American experimental filmmaker, sound artist and forensic social worker

Joey Huertas (also known as Jane Public) is an American experimental film and sound artist working in a form he calls "docufessional," combining personal cinema, live performance, spoken word, and short stories. He also works for New York State as a forensic social worker.

==Biography==

===Early life and music===
In his late teens, Huertas played drums in Killing Cycle, a high school thrash metal band with guitarist Mark Morton, later of Lamb of God, and singer Chris Marrow, a childhood friend of Morton's. The band performed at local venues and recorded demos in the late 1980s, including four original songs at a studio Morton found. In his memoir Desolation: A Heavy Metal Memoir, Morton describes Huertas as a prolific lyricist who kept notebooks of stories and offbeat lyrics marked by a dark sense of humor, and recalls that their song "Landslide Suicide" was an anti-drug song loosely inspired by a family friend of Huertas's who had died of an overdose. The band dissolved when Marrow enlisted in the Marines, and Morton and Huertas left for college.

===Education===
Huertas holds a Bachelor of Fine Arts from the State University of New York at Purchase's Conservatory of Theatre Arts and Film, and a master's degree from the Hunter College School of Social Work.

===Film and performance work===
Huertas's work includes shorts, installations, soundscapes, and film-related performances. His docufessional approach combines direct and observational documentary techniques with narrative storytelling.

His film Homewrecka, an experimental documentary about domestic violence, screened at the Syracuse International Film Festival in October 2010, where it was among the festival's award winners, and where festival director Owen Shapiro called Huertas a "genius".

Huertas was executive director of the Millennium Film Workshop from 2015 to 2022. He is listed as executive director in the Spring 2019 issue of the Workshop's Millennium Film Journal. From 2017 to 2019, he organized the Workshop's open-screening program in rented spaces under the name "HIJACK Open Screenings". In February 2022, Huertas was among the Millennium Film Workshop members who worked with MoMA curator Ron Magliozzi to organize New York City Symphonies of the Millennium Film Workshop, a film series marking MoMA's acquisition of the Millennium Film Workshop and Howard Guttenplan Collections. Joe Wakeman succeeded him as executive director in 2022.

In January 2025, CineSalon Online named Huertas its second CineSalon Online Artist, one of six artists featured in its annual awards.

===Ann Rule and Ted Bundy research===
In 2004, as a graduate student at the Hunter College School of Social Work, Huertas recorded his videotaped interview with true crime author Ann Rule about her book The Stranger Beside Me, her account of her friendship with the serial killer Ted Bundy, whom she met before his crimes were known.

He also interviewed Bundy's mother, Louise Bundy. In Cathy Scott's biography of Rule, First Lady of Murder, Huertas says Louise Bundy was hurt that Rule, who lived in the same region and updated The Stranger Beside Me through several later editions, had never reached out to her.

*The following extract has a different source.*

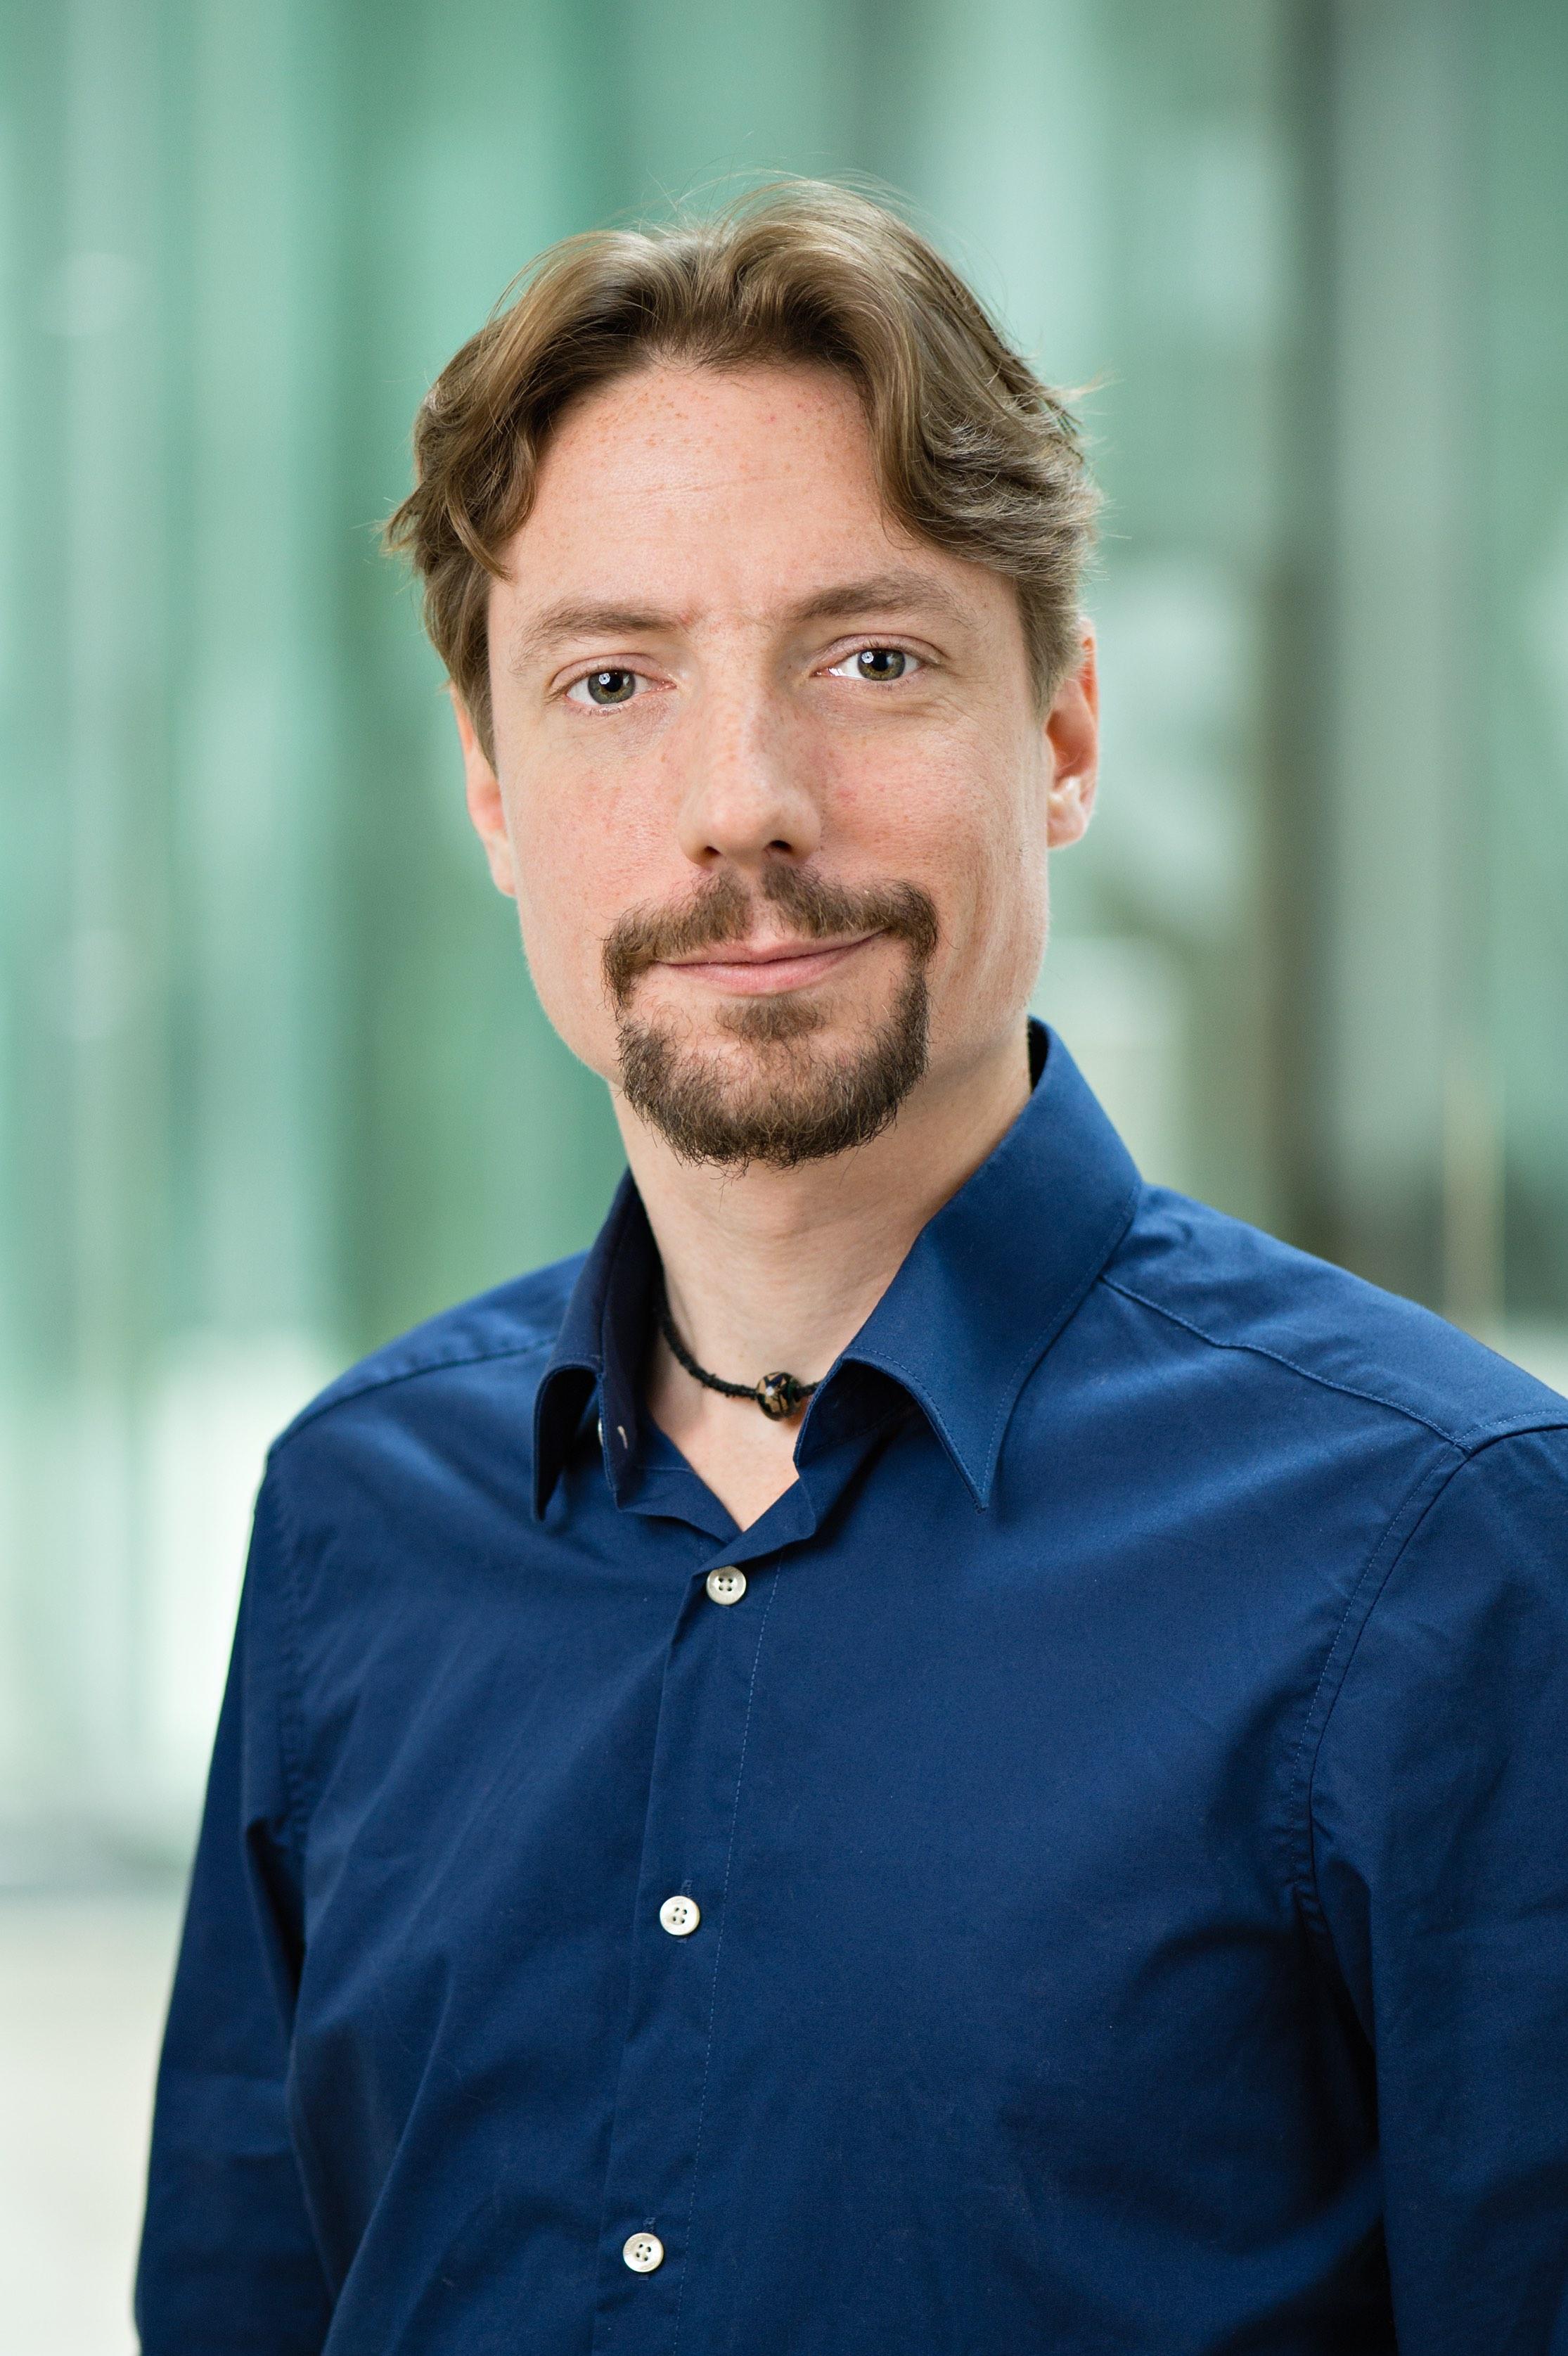 Florian Füsslin

Huertas was credited as "Featured Expert & Archivist" in the 2025 French documentary Un tueur si proche : Ann Rule et Ted Bundy, released in English as The Stranger Beside Me: Ann Rule and Ted Bundy, co-directed by Julien Gaurichon and Frédéric Bas and produced by GoGoGo Films and ARTE France.

==Filmography==
- 330.20 (2006)
- Nice People (2008)
- Homewrecka (2010)
- Missing Green (2011)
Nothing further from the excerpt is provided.